Respirar rítmicamente mientras nos estamos moviendo, tratando de mantener el compás de la inhalación y exhalación para acompañar el esfuerzo físico, esperando llegar a la vez a agotar los pensamientos sin callarlos, sin ejercer voluntad alguna.
Aceptar los días malos como una enseñanza troncal.
Descubrir que donde más te esfuerzas no es donde más mejoras.
Entender que tanto los progresos como las involuciones forman parte del proceso.
Ser testigo del tiempo y sus influjos y marcas en el cuerpo y en la práctica sin dejar que afecte.
Reconocer que el fin último de la práctica no es la realización de una secuencia de posturas más o menos logradas.
Concederse el tiempo de descansar en Shavasana para permitir que la práctica se asiente y no desperdiciar la energía acumulada.
Y mañana volver a empezar desde cero, no tanto sin expectativas pero sí sin expectación, sin involucrarse emocionalmente.

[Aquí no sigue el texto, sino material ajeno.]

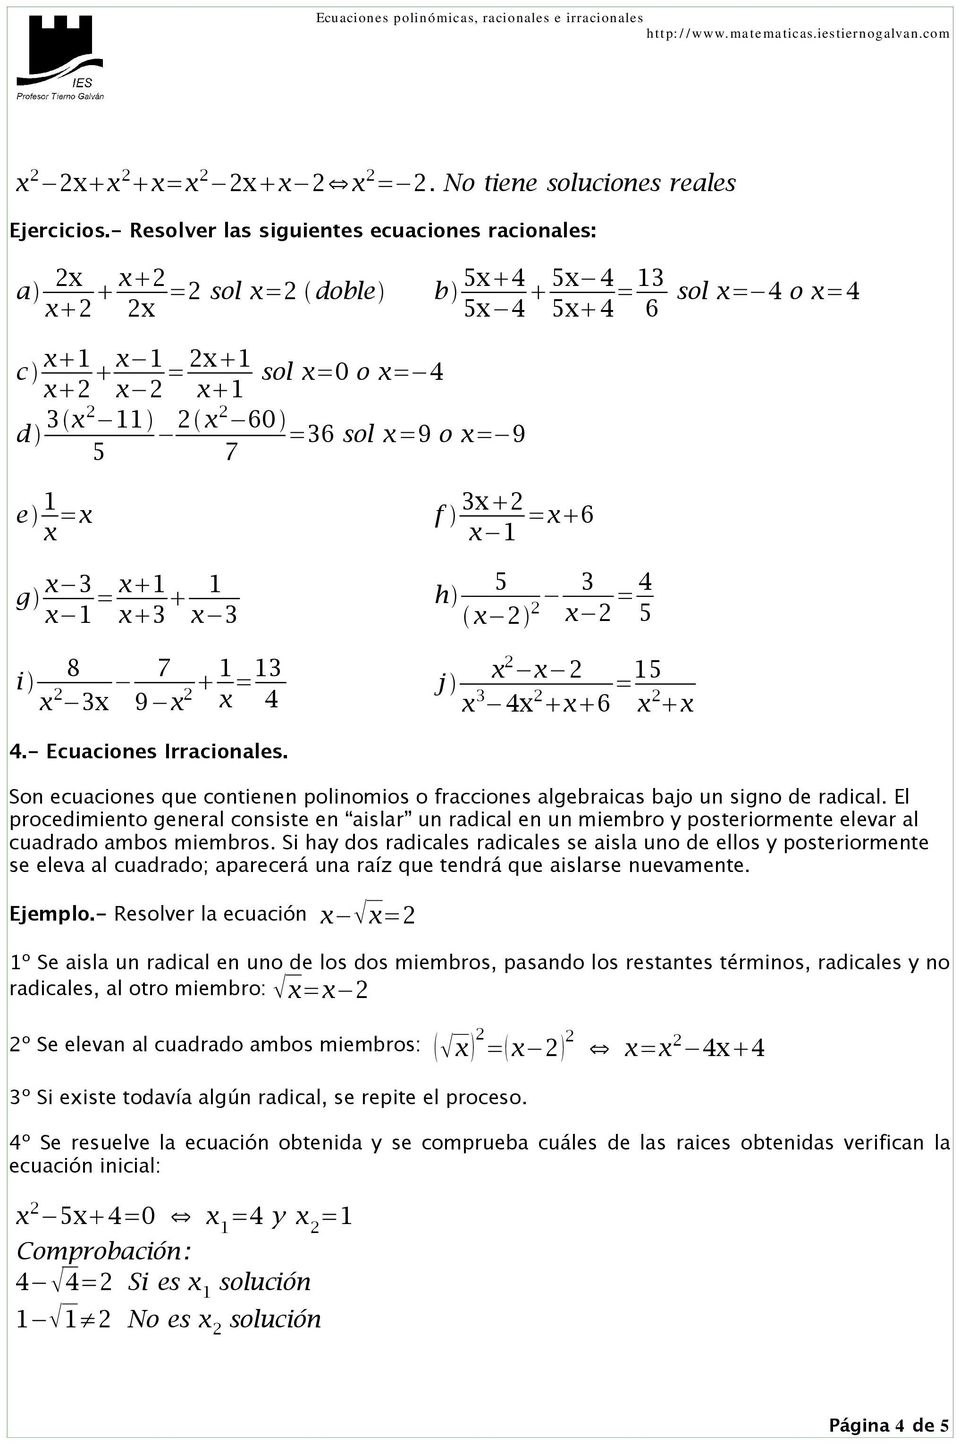 x =9 o x = 9 7 e 1 x =x g x 3 x 1 = x 1 x 3 1 x 3 8 i x 2 3x 7 9 x 1 2 x =13 4 f 3x 2 x 1 =x 6 5 h 3 x 2 2 x 2 = 4 5 x 2 x 2 j x 3 4x 2 x 6 =15 x 2 x 4.- Ecuaciones Irracionales.

Y sin saltarse el Utpluthih de cada día.
En conclusión, el Ashtanga Yoga nos enseña a parar en las dificultades y abordarlas en lugar de pasar por encima o huir. Detenerse, reflexionar y respirar en la dificultad. Aceptar la vulnerabilidad y aprovechar de ella para lo que sea. Estar, en el momento que sea, simplemente, estar.
Esto es lo que nos ofrece la práctica. Sin embargo, lo que en un principio comprendamos puede ser algo totalmente distinto. Al quedar básicamente expuestos a los efectos de una disciplina tan intensa casi sin defensas, es posible que levantemos barreras de todo tipo.

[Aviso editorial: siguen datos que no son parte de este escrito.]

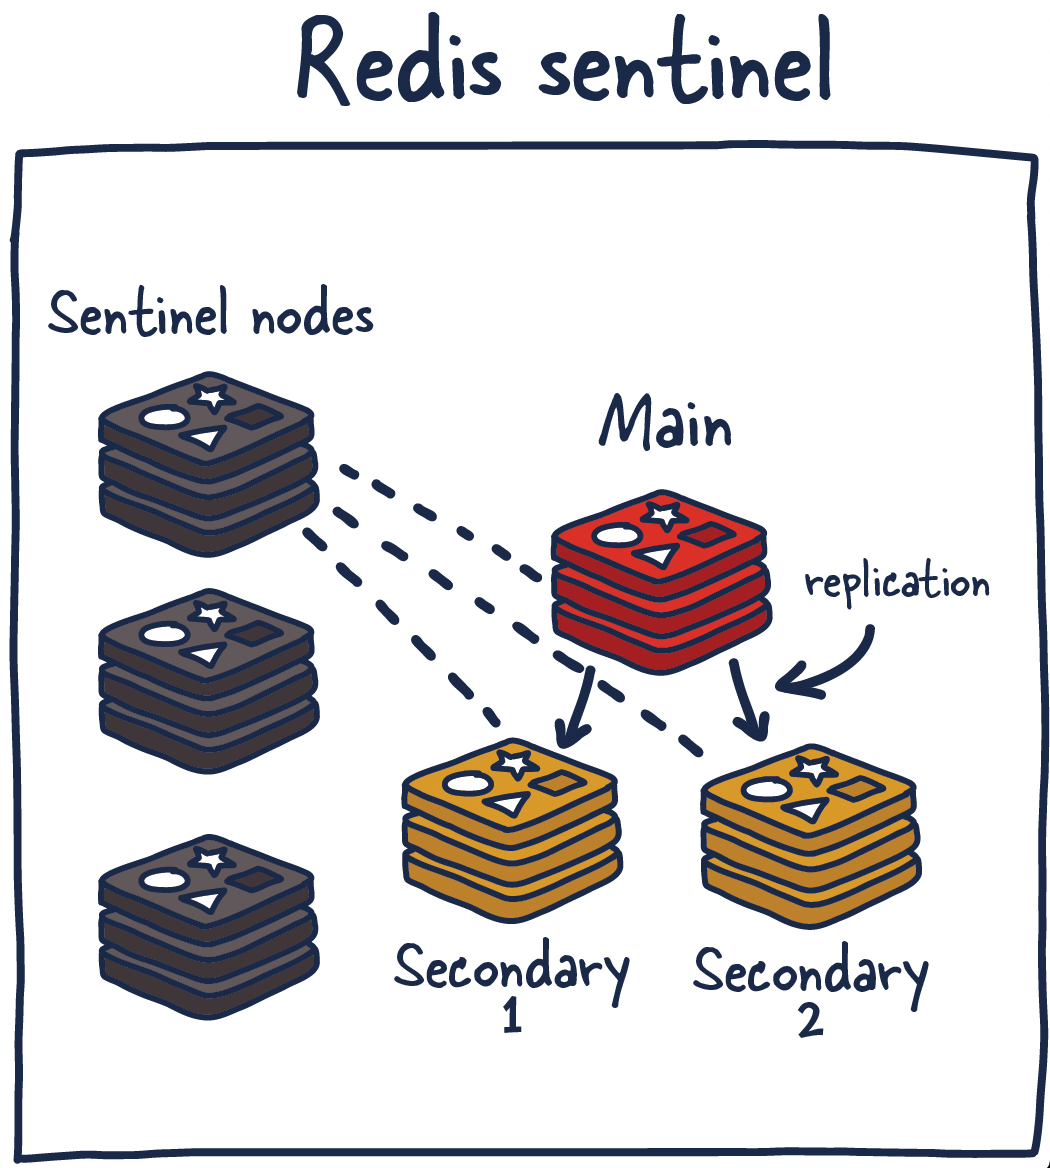 Развёртывание системы с использованием Redis Sentinel. В состав такого развёртывания входят Sentinel-узлы, ведущий узел и подчинённые узлы.

No obstante, la práctica puede ser un buen aliado: no hay mejor terapeuta que nuestra propia mente durante una sesión de Mysore. Así que esas barreras, tanto físicas como mentales, irán cayendo una tras otra, a medida que nos adentremos en la práctica con el espíritu y la actitud correctos, sobre todo aceptando el factor fundamental de la responsabilidad, es decir que cada cual tiene que hacerse cargo de “su” práctica como de sus emociones, de sus decisiones … de su vida.
Mi consejo: evita buscar ayuda fuera y confía en tus fuerzas y en tus capacidades que te mostrarán las herramientas de que dispones sin tener que acudir al exterior y terminar dependiendo de otros factores. La práctica misma será tu refugio, tu anclaje en ti mism@, tu conexión con tu interior.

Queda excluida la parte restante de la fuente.